→ SUPPLIED DATA:
----------

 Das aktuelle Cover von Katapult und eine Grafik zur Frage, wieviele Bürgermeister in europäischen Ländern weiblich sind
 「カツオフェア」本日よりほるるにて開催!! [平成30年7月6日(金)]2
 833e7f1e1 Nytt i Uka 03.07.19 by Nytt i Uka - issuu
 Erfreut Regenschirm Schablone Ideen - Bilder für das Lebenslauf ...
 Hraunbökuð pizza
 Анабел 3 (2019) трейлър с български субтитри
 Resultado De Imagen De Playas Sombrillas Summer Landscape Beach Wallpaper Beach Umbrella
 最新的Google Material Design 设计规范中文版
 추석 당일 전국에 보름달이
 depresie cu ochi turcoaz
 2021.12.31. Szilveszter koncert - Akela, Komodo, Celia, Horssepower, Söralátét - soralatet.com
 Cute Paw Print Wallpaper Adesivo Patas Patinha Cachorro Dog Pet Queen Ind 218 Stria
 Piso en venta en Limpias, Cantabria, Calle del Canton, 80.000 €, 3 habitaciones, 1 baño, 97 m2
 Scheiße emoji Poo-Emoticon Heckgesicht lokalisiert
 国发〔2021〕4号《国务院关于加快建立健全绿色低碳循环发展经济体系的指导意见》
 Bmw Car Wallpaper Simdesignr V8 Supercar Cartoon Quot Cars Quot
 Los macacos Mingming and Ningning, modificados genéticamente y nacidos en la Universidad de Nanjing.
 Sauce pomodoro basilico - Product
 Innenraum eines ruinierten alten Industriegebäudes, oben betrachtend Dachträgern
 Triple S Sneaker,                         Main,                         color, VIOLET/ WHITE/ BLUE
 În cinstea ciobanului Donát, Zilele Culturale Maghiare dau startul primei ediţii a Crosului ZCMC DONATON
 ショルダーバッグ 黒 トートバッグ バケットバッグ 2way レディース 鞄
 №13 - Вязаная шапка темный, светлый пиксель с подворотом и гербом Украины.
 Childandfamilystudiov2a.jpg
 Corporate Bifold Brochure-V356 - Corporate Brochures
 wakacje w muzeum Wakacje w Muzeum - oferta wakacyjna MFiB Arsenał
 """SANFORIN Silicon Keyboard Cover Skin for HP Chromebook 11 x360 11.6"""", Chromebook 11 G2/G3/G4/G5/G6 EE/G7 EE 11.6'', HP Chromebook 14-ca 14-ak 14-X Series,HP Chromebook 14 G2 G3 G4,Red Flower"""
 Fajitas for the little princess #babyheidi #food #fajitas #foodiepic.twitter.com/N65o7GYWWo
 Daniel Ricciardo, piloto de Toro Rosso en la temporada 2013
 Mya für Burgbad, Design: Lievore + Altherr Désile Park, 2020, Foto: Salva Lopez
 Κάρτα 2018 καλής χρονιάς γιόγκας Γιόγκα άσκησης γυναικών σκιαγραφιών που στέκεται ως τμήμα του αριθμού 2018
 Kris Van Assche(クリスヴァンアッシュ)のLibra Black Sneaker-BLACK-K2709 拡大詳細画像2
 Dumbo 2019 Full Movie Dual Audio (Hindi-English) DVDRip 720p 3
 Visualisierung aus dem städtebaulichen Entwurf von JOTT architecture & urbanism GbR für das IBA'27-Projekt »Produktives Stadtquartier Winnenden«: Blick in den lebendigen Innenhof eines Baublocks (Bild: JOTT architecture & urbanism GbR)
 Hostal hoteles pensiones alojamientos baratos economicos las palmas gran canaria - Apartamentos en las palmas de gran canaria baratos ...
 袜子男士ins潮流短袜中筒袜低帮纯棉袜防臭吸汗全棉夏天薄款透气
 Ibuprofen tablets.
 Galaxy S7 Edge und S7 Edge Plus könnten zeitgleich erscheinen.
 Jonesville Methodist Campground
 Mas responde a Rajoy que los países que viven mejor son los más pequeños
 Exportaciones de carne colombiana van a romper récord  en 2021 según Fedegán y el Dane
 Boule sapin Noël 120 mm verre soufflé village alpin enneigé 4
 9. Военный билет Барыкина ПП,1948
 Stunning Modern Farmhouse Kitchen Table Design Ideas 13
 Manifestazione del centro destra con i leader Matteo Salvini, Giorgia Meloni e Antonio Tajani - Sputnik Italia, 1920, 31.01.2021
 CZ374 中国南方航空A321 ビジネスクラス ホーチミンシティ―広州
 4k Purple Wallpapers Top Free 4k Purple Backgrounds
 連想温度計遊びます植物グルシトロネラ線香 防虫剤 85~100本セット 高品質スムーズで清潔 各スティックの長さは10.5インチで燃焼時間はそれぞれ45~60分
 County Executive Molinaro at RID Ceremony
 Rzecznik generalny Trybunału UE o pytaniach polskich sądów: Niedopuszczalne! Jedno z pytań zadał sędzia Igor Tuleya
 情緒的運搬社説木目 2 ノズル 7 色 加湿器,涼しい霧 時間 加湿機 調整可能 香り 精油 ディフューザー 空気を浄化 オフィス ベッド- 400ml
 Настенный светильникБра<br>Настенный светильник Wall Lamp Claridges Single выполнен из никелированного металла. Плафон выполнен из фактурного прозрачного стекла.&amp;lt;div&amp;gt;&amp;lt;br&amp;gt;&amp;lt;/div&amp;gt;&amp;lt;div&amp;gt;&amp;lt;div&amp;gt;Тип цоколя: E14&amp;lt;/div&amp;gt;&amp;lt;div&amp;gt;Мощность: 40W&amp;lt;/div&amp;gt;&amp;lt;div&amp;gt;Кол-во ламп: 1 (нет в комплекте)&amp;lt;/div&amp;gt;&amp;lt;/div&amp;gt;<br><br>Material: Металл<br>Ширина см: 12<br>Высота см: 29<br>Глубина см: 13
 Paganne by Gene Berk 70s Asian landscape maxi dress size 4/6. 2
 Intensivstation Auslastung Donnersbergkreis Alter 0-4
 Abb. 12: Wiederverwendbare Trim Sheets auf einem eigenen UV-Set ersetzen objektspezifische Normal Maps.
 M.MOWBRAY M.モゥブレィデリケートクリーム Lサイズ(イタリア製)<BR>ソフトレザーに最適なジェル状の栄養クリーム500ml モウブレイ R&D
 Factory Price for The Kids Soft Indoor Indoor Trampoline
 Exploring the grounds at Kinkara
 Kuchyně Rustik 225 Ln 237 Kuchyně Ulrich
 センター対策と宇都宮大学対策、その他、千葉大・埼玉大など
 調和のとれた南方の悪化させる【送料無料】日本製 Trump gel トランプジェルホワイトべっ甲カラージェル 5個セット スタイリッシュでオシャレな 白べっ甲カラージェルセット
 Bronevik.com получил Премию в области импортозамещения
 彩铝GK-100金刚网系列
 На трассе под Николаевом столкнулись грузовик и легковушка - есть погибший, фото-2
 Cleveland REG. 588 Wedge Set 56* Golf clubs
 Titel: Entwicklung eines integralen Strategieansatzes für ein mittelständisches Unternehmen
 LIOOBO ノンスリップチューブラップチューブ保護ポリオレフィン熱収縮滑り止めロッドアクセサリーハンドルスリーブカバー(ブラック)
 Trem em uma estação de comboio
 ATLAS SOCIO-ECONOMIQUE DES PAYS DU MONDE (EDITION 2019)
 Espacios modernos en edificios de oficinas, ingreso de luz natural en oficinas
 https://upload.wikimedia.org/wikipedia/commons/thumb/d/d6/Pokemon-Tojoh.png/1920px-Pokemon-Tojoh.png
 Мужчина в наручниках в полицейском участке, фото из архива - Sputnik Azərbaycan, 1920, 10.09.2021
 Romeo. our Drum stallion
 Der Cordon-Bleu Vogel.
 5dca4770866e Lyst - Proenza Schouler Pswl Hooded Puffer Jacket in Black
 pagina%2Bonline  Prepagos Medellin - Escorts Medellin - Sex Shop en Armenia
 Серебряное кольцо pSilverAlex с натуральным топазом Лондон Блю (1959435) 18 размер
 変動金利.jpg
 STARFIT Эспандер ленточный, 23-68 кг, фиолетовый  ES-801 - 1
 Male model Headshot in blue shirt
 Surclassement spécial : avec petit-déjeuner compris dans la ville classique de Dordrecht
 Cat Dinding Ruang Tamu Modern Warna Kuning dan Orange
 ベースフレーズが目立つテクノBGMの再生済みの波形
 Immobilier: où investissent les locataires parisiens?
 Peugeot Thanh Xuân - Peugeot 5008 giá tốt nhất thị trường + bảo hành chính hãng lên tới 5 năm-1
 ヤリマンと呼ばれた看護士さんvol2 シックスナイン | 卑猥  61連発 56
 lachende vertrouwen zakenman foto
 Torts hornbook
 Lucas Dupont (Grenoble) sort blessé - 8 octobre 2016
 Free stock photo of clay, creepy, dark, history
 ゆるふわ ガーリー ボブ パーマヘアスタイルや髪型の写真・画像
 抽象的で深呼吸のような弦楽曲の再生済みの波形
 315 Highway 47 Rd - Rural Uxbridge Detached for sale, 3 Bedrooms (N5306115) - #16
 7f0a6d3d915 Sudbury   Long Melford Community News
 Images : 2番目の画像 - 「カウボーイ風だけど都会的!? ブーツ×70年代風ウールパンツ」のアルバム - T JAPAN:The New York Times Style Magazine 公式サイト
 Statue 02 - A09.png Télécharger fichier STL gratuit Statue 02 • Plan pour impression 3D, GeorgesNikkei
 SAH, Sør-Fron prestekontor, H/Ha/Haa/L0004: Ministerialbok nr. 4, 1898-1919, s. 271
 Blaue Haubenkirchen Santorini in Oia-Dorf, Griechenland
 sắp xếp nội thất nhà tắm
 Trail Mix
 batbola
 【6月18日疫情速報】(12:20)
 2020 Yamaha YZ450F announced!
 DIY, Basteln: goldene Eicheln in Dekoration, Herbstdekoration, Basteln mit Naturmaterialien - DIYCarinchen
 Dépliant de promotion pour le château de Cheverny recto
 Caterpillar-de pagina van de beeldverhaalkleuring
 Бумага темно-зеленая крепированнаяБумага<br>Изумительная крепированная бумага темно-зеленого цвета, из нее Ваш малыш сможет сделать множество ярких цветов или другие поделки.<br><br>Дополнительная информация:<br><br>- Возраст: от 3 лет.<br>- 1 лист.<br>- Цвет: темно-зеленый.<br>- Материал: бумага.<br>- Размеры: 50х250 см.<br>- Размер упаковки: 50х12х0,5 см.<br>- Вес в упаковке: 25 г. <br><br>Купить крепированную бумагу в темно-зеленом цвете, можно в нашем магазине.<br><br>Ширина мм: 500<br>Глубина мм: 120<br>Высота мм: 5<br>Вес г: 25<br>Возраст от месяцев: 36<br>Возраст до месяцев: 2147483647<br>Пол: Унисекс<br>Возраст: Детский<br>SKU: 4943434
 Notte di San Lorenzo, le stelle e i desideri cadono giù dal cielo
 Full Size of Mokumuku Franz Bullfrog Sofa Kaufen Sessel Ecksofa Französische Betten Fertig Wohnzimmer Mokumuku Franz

----------

→ WORK INSTRUCTION: Looking at the data above, return every line from the one with "Exploring the grounds at Kinkara" down to the one with "Espacios modernos en", exactly and inclusively.

→ RESPONSE TO THE TASK:
 Exploring the grounds at Kinkara
 Kuchyně Rustik 225 Ln 237 Kuchyně Ulrich
 センター対策と宇都宮大学対策、その他、千葉大・埼玉大など
 調和のとれた南方の悪化させる【送料無料】日本製 Trump gel トランプジェルホワイトべっ甲カラージェル 5個セット スタイリッシュでオシャレな 白べっ甲カラージェルセット
 Bronevik.com получил Премию в области импортозамещения
 彩铝GK-100金刚网系列
 На трассе под Николаевом столкнулись грузовик и легковушка - есть погибший, фото-2
 Cleveland REG. 588 Wedge Set 56* Golf clubs
 Titel: Entwicklung eines integralen Strategieansatzes für ein mittelständisches Unternehmen
 LIOOBO ノンスリップチューブラップチューブ保護ポリオレフィン熱収縮滑り止めロッドアクセサリーハンドルスリーブカバー(ブラック)
 Trem em uma estação de comboio
 ATLAS SOCIO-ECONOMIQUE DES PAYS DU MONDE (EDITION 2019)
 Espacios modernos en edificios de oficinas, ingreso de luz natural en oficinas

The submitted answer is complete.